American botanist and author (1884–1974)

Helen Morgenthau Fox ( Morgenthau; May 27, 1884 – January 13, 1974) was an American botanist and author of popular gardening books.

==Biography==

Helen Morgenthau Fox was born in New York City. She was Jewish through her patrilineal roots. Her father was United States Ambassador to Turkey Henry Morgenthau Sr., and her brother was Henry Morgenthau Jr. In 1905, Fox graduated from Vassar College before studying at the New York Botanical Garden (NYBG) She married architect, banker and landscape artist Mortimer J. Fox in 1906. During her adult life, she lived in Bedford, New York on a 20-acre property named High Low Farm.

Fox wrote a variety of gardening books from 1927 to 1973 and wrote articles for The New York Times. In 1949, she translated French naturalist and missionary, Abbe David's journals from his trip to China in 1866 to 1869. In 1934, Fox helped design and guide the herb garden at The Cloisters in Manhattan. She lectured extensively on gardening around the world, speaking for the United States Department of Agriculture and at garden clubs and universities. Fox was also featured on radio and television programs.
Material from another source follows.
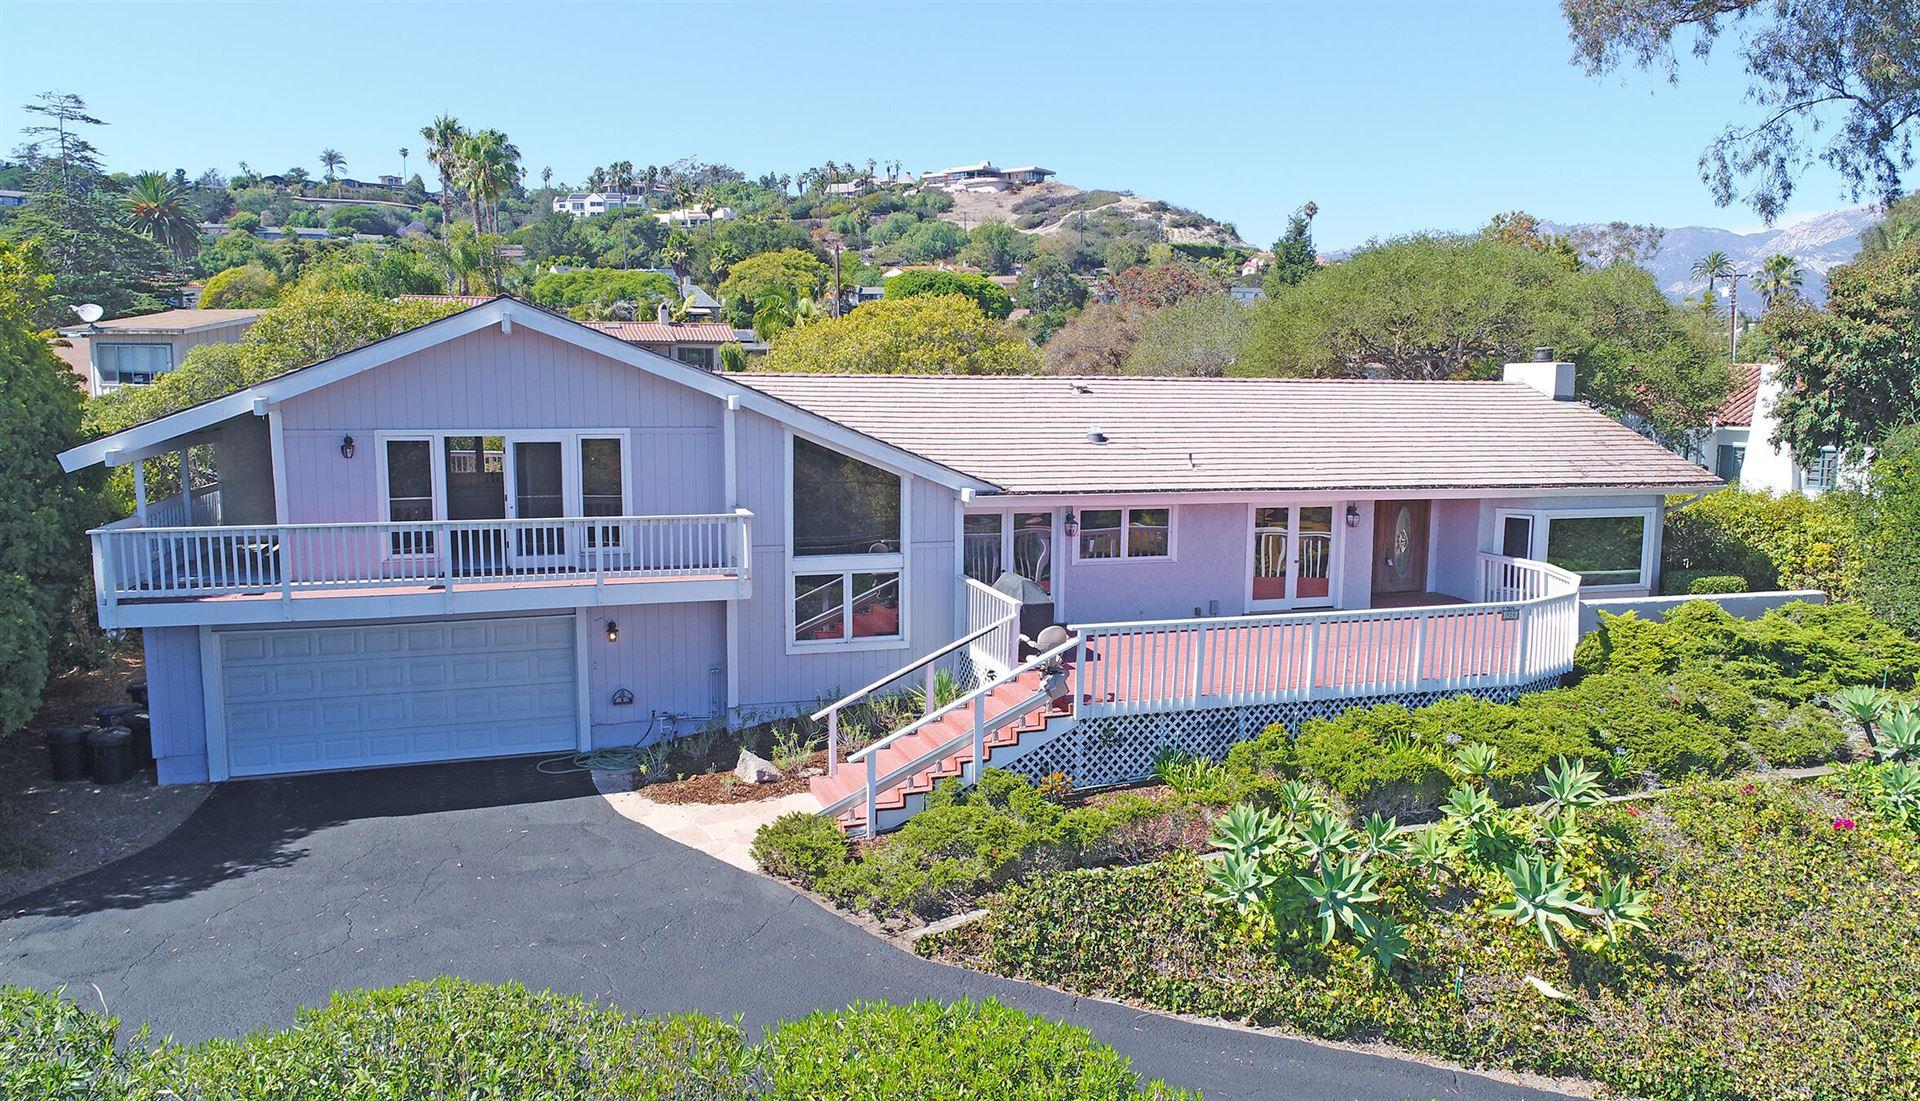 920 Weldon Rd, Santa Barbara, CA 93109 - MLS#: 21-3442

She was a member of the advisory council of the New York Botanical Garden, honorary vice president of the New York Horticultural Society, corresponding member of the Royal Horticultural Society, trustee of the Rock Garden Society of America and director emeritus of the American Horticultural Society. She had served on the board of the Bellevue Hospital School of Nursing and was active in the adult education program of the Westchester County Home Bureau.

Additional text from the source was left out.